Comparing Efficacy of Sorafenib Versus Sorafenib in Combination With Low-dose FP in Patients With Advanced HCC

Launched by MINISTRY OF HEALTH, LABOUR AND WELFARE, JAPAN · Oct 4, 2010

Keywords

ClinConnect Summary

Sorafenib with Low-dose FP Group

Sorafenib will be administered orally at a dose of 400 mg (2 x 200 mg tablets) twice daily (bid) for 28 days. Cisplatin at the dose of 20mg/m2 will be administered at day 1 and day8, and fluorouracil at the dose of 330mg/m2 will be administered continuously at day1-day5, and day8-day12 via the implanted catheter system.

Sorafenib Group

Sorafenib will be administered orally at a dose of 400 mg (2 x 200 mg tablets) twice daily (bid) for 28 days.

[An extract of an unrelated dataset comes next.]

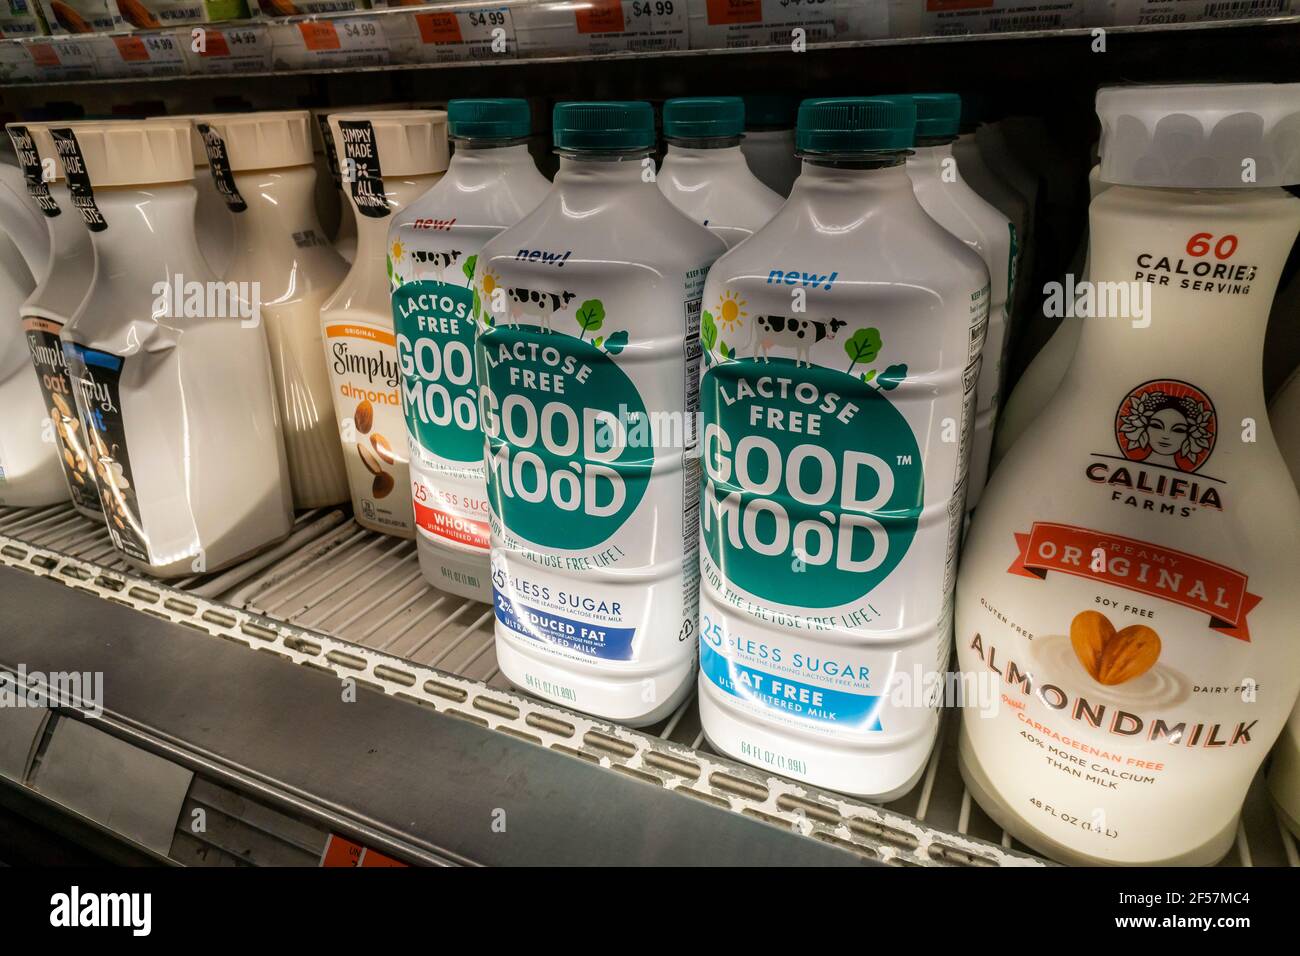 Container von Coca-Colas guter Moo'd Premium laktosefreie 'Supermilch' in  einem Supermarkt in New York am Donnerstag, 11. März 2021. Das  Premium-Getränk ist laktosefrei und enthält 25% weniger Zucker als  herkömmliche laktosefreie Milch.
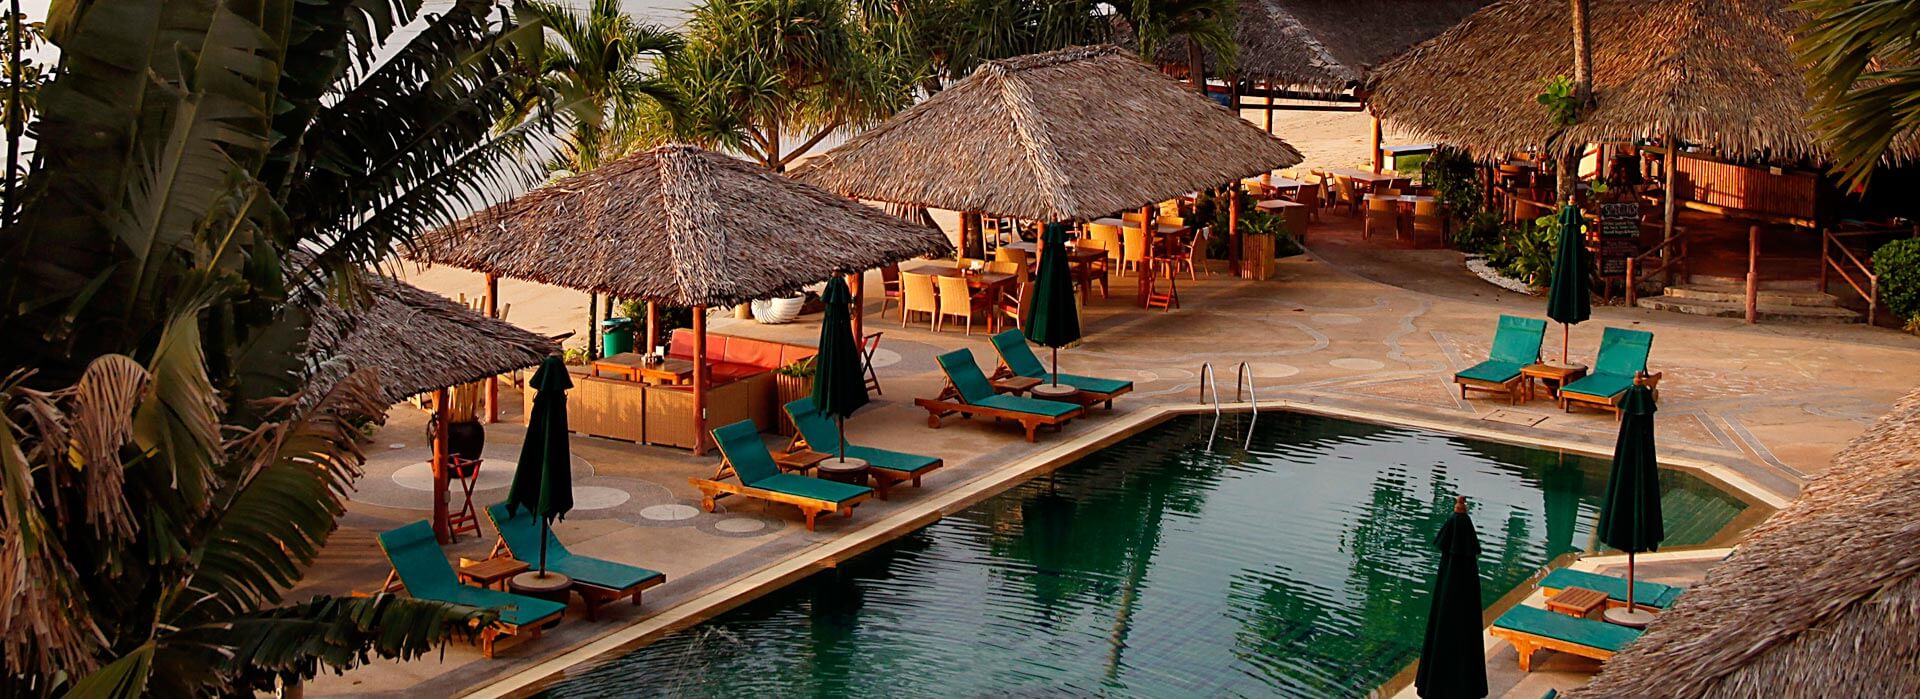 Friendship Beach Resort & Atmanjai Wellness spa in Rawai Phuket

The treatment regimen will be continued until radiographic or symptomatic progression, the development of unacce...

Gender

ALL

Eligibility criteria

• Inclusion Criteria:
• • 1. 20 Years and older.
• • 2. Life expectancy of at least 12 weeks at the pre-treatment evaluation.
• • 3. Advanced hepatocellular carcinoma with histological evidence on a biopsy specimen, or typical findings by dynamic CT or CT during hepatic arteriography/arterioportography.
• • 4. Not suitable for resection or local ablation therapy or transcatheter arterial chemoembolization.
• • 5. ECOG Performance status of 0 or 1.
• • 6. Cirrhotic status of Child-Pugh score ≤ 7.
• 7. Adequate bone marrow, liver and renal function, as assessed by the following laboratory requirements:
• • Hemoglobin ≥8.5 g/dl
• • Granulocytes≥1500/μL
• • Platelet count ≥50,000 /μL
• • PT-INR ≤ 2.3
• • Total serum bilirubin ≤ 2 mg/dl
• • AST(SGOT) and ALT(SGPT) ≤ 6 × upper limit of normal
• • Serum creatinine ≤ 1.5 × upper limit of normal
• • Amylase ≤ 2 × upper limit of normal
• • 8. Written Informed Consent must be obtained.
• Exclusion Criteria:
• • 1. Previous malignancy (except for cervical carcinoma in situ, adequate treated basal cell carcinoma, or superficial bladder tumors \[Ta, Tis and T1\], early gastric cancer, or other malignancies curatively treated \> 3 years prior to entry
• • 2. Renal failure
• • 3. Any heart disease as follows
• • Congestive heart failure defined as NYHA class III or IV
• • Active coronary artery disease or ischemic heart disease such as cardiac infarction within 6 months prior to screening
• • Serious cardiac arrhythmia
• • Serious hypertension
• • 4. Active clinically serious infections except for HBV and HCV
• • 5. Active chicken pox.
• • 6. Auditory disorder.
• • 7. Known history of HIV infection.
• • 8. Known metastatic or meningeal tumors.
• • 9. Extrahepatic tumor spread which affects patient's prognosis
• • 10. History of seizure disorder.
• • 11. Clinically significant gastrointestinal bleeding within 4 weeks prior to study entry.
• • 12. Embolization or infarction such as transient ischemic disease, deep vein thrombosis, pulmonary embolization.
• 13. Any history of treatment as follows:
• • Treatment with the agent which induces CYP3A4
• • Surgical procedure within 4 weeks prior to start of study drug
• • History of organ allograft
• • 14. Patients unable to swallow oral medications.
• • 15. Gastrointestinal disease that may affect to the absorption of drug or pharmacokinetics.
• • 16. Medication that may affect to the absorption of drug or pharmacokinetics.
• • 17. Any disease or disorder that may affect the evaluation of study drug.
• • 18. Entry to the other clinical trial within 4 weeks prior to entry to this study.
• • 19. Pregnant or breast-feeding patients.
• • 20. Known allergy to the investigational agent or any agent given in association with this trial.
• • 21. Substance abuse, medical, psychological or social conditions that, in the judgment of the investigator, is likely to interfere with the patient's participation in the study or evaluation of the stuy results.
• • 22. Any condition that is unstable or could jeopardize the safety of the patient and its compliance in the study, in the investigator's judgment.